Try GKE on Bare Metal on Compute Engine VMs

This page shows you how to try GKE on Bare Metal in High Availability (HA) mode using Virtual Machines (VMs) running on Compute Engine.

You can try out GKE on Bare Metal quickly and without having to prepare any hardware. Completing the steps on this page provides you with working test environment running on Compute Engine for your GKE on Bare Metal environment.

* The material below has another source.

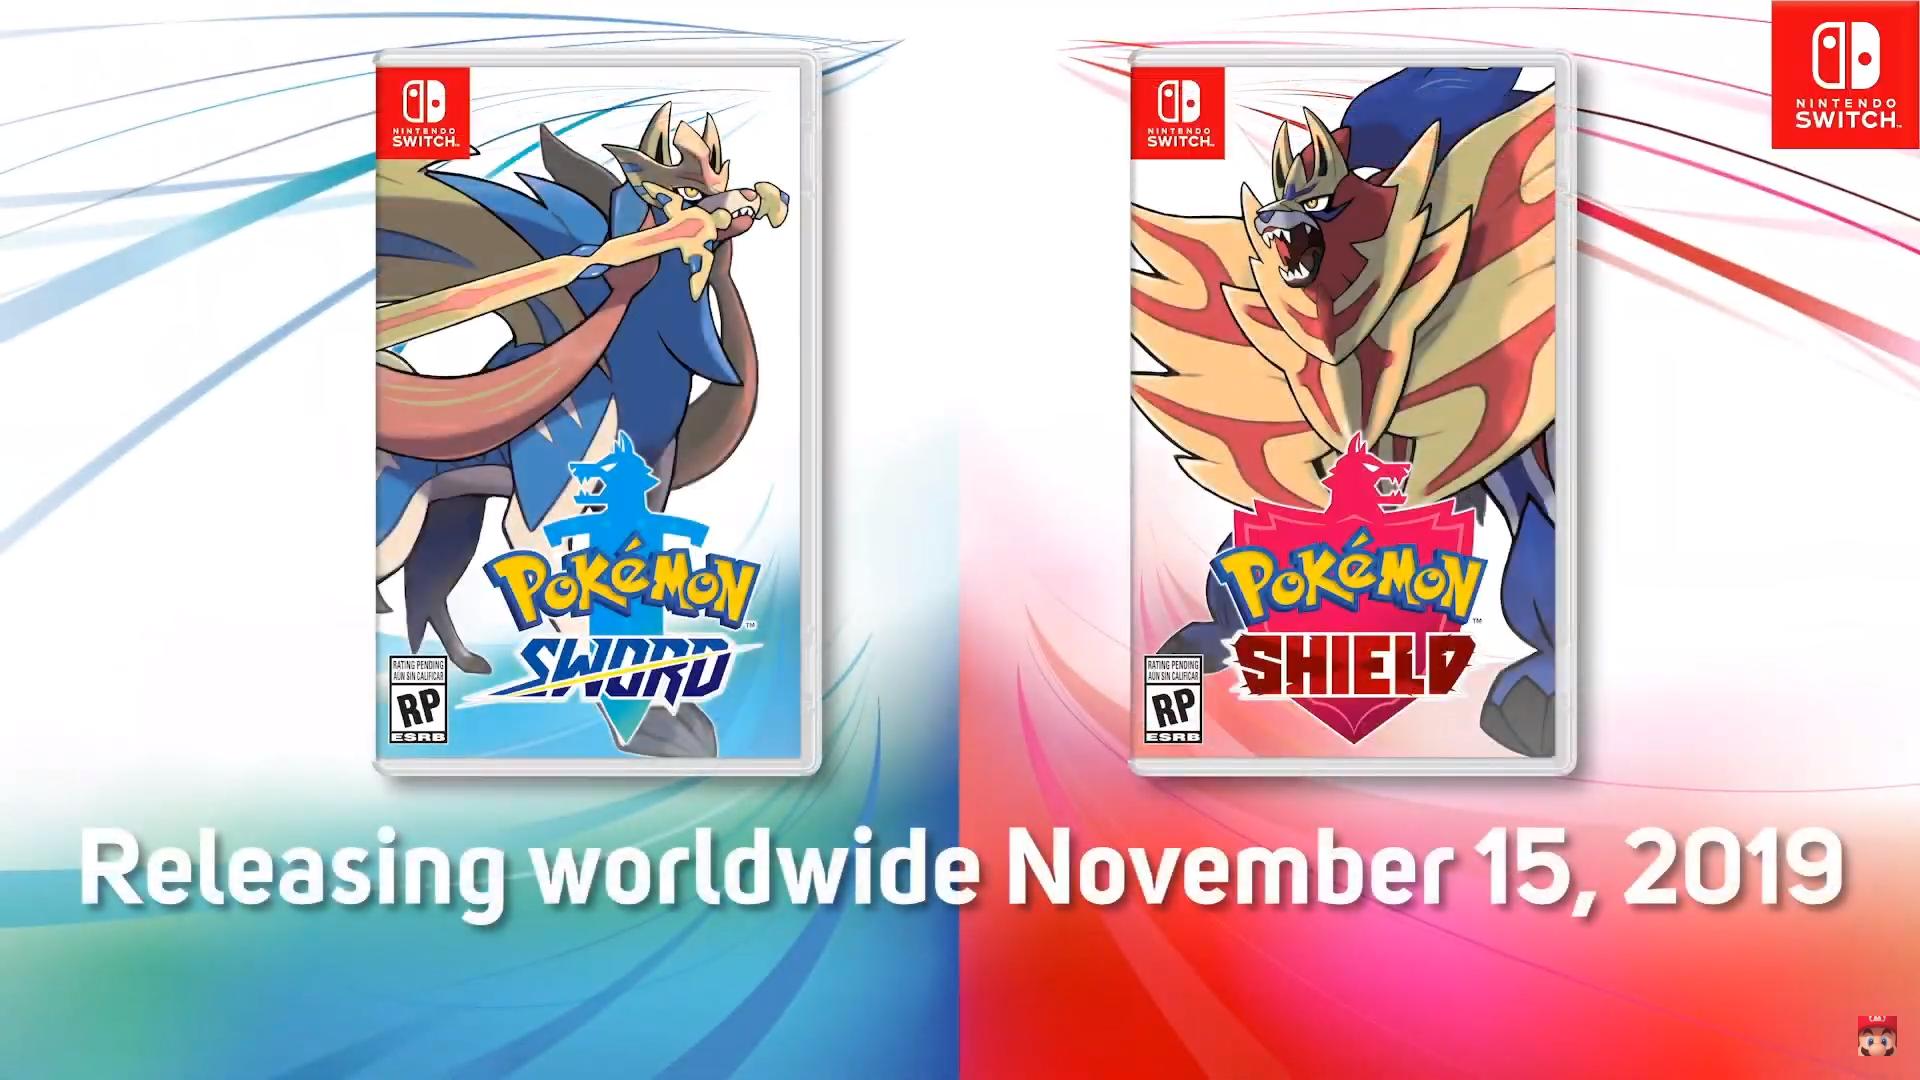  Pokémon Sword and Pokémon Shield Double Pack - Nintendo Switch  : Nintendo of America: Video Games

To try GKE on Bare Metal on Compute Engine VMs, complete the following steps:

  1. Create six VMs in Compute Engine
  2. Create a vxlan network between all VMs with L2 connectivity
  3. Install prerequisites for GKE on Bare Metal
  4. Deploy an GKE on Bare Metal cluster
  5. Verify your cluster

Before you begin

The deployment requires the following resources:

  • Six VMs to deploy GKE on Bare Metal
  • One workstation that is logged into gcloud with Owner permissions for your project.

The steps in this guide are taken from the installation script in the anthos-samples repository. The FAQ section has more information on how to customize this script to work with some popular variations.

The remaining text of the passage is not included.